Directions for this task: Pictures are to be left out, and only the lines below starting at the one with "I love men's wear." and ending at the one with "时尚极简的Instagram社交媒体模板非凡图库精选 Instagram Puzzle" are to be reproduced, each exactly, both ends included.
┌─ Given records
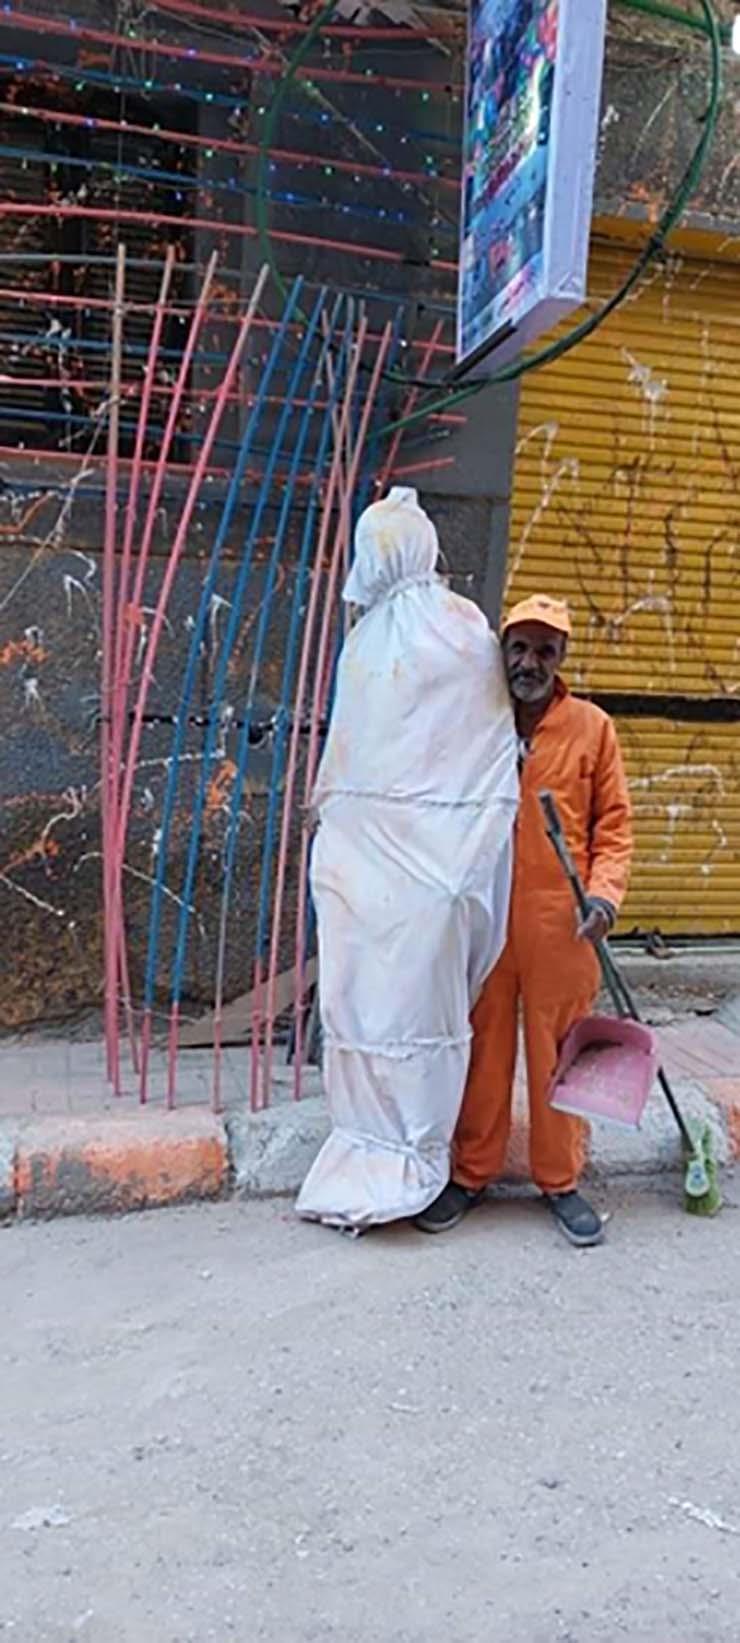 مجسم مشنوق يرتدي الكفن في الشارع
└─
┌─ Given records
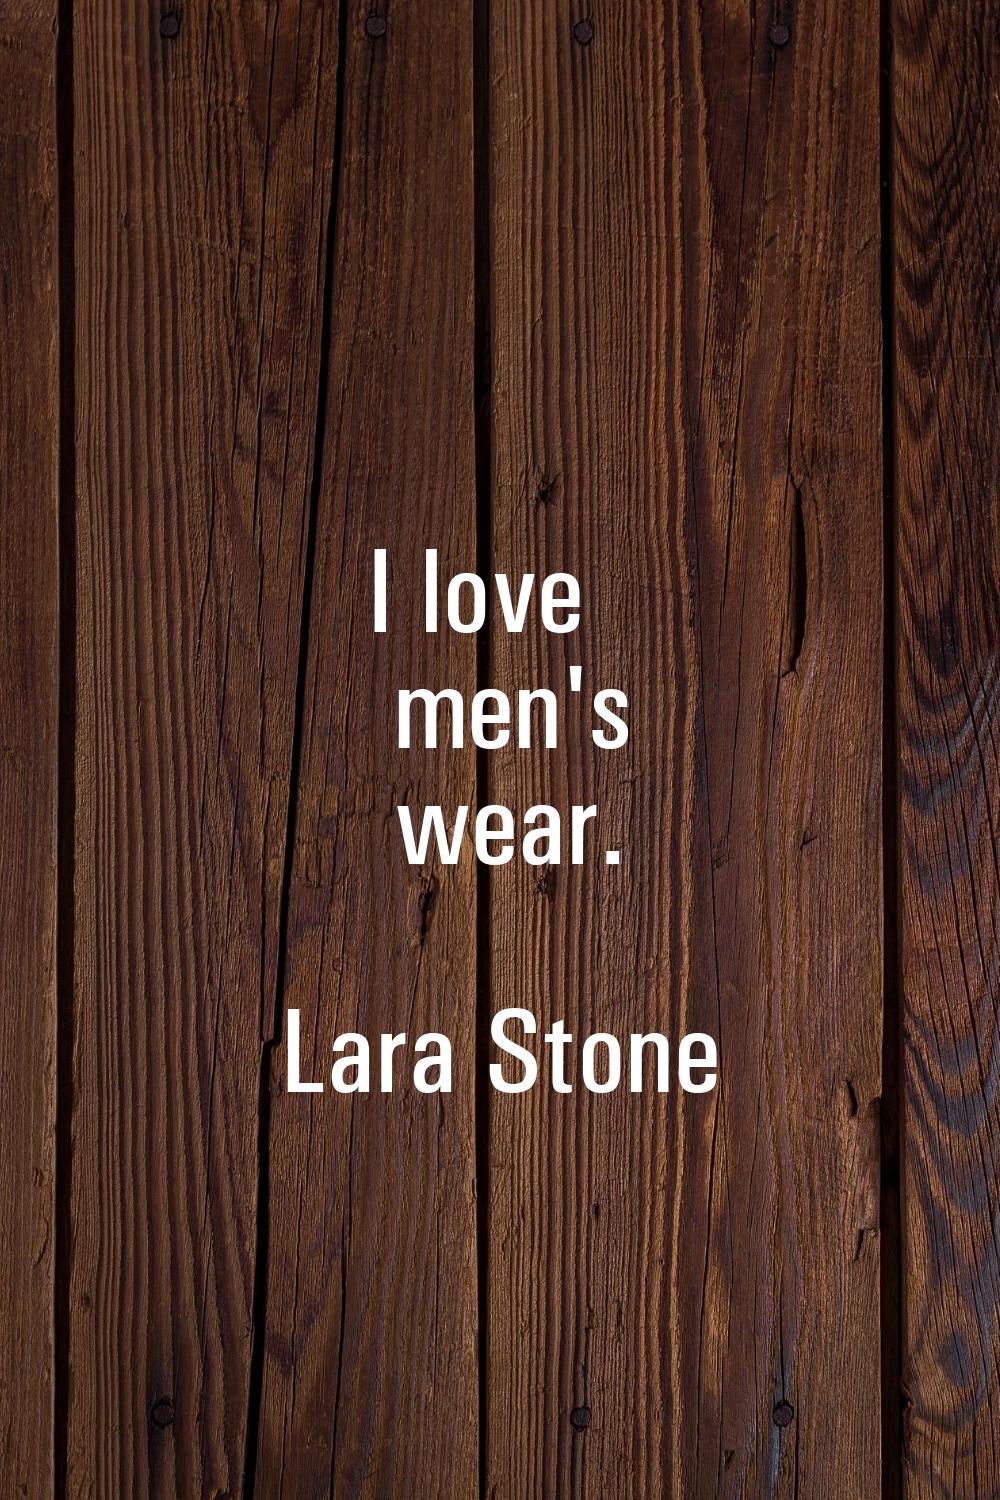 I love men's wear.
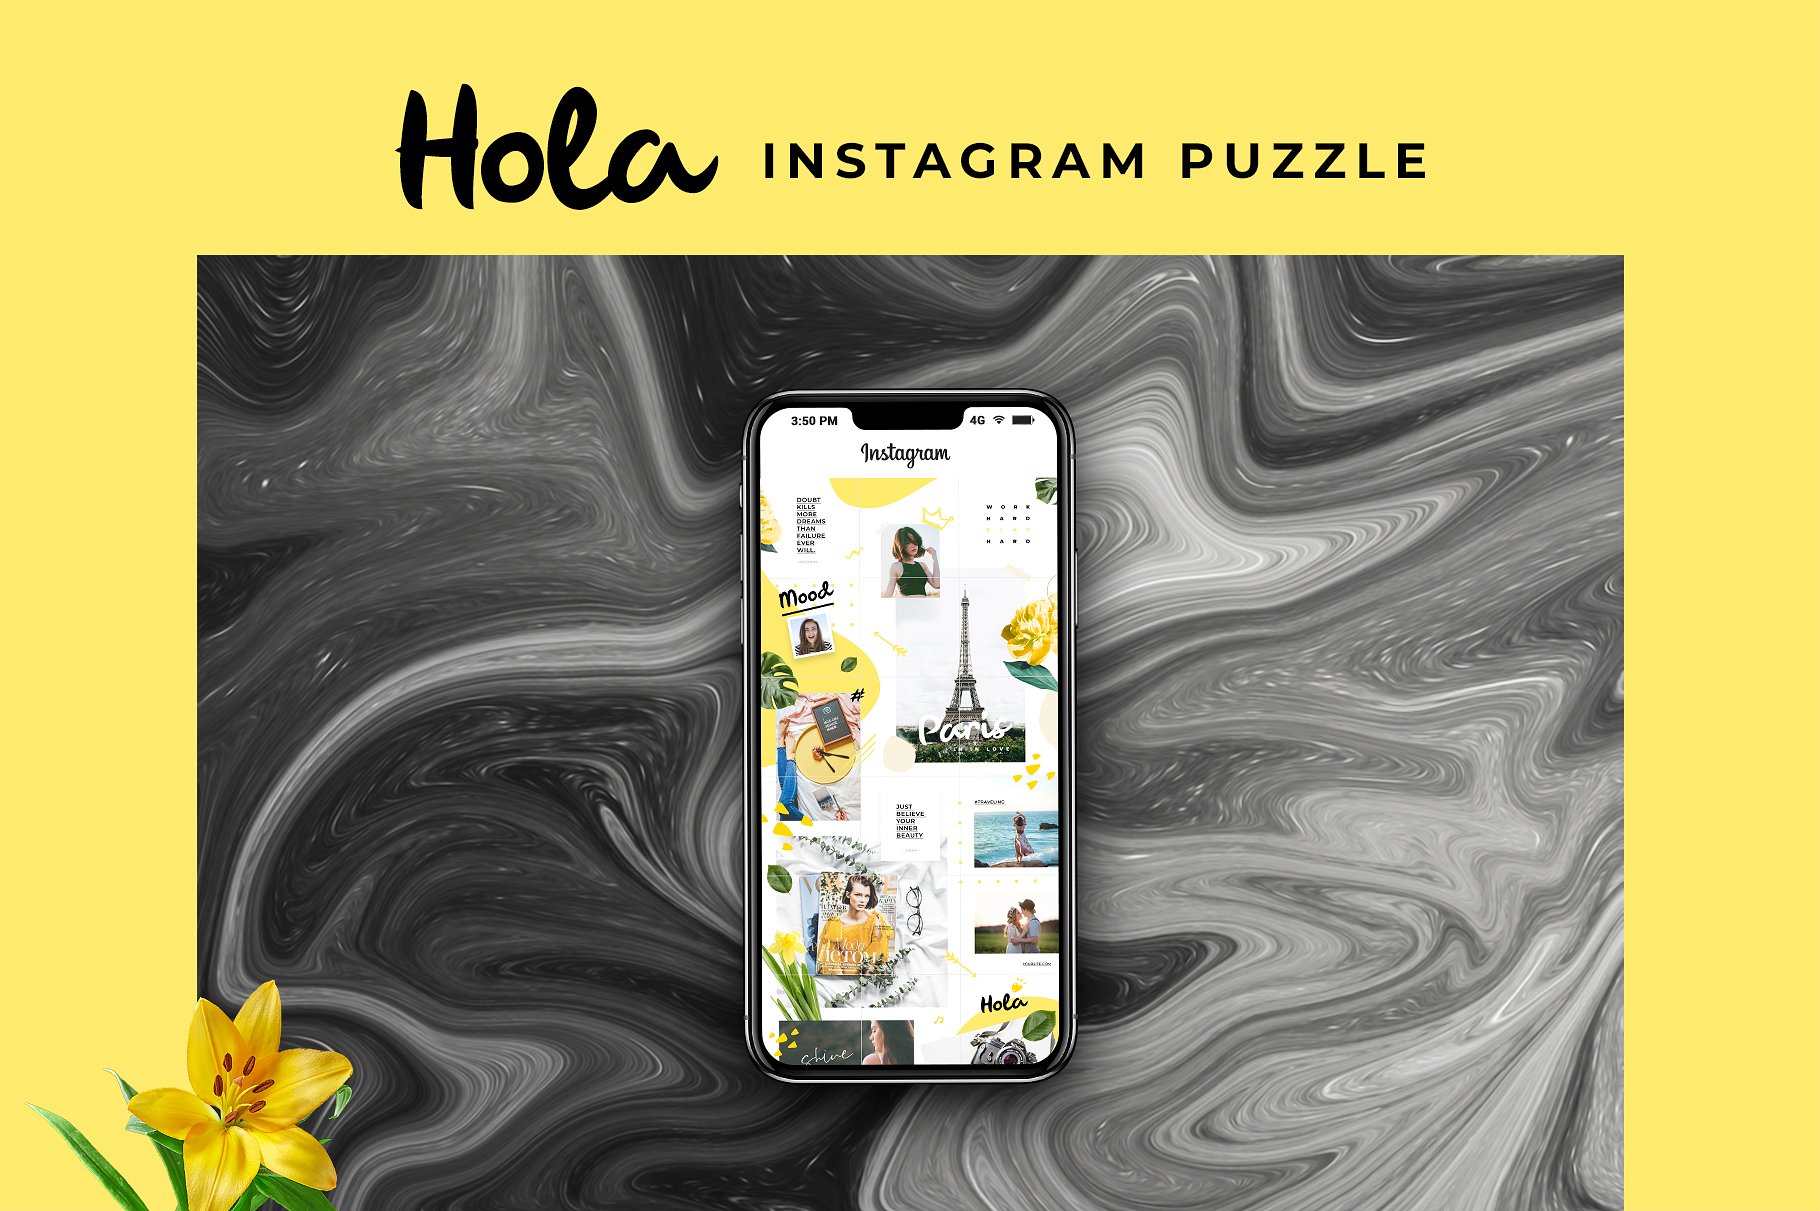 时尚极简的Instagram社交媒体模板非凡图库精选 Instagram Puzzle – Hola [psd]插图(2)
└─
Response to this exercise:
 I love men's wear.
 时尚极简的Instagram社交媒体模板非凡图库精选 Instagram Puzzle – Hola [psd]插图(2)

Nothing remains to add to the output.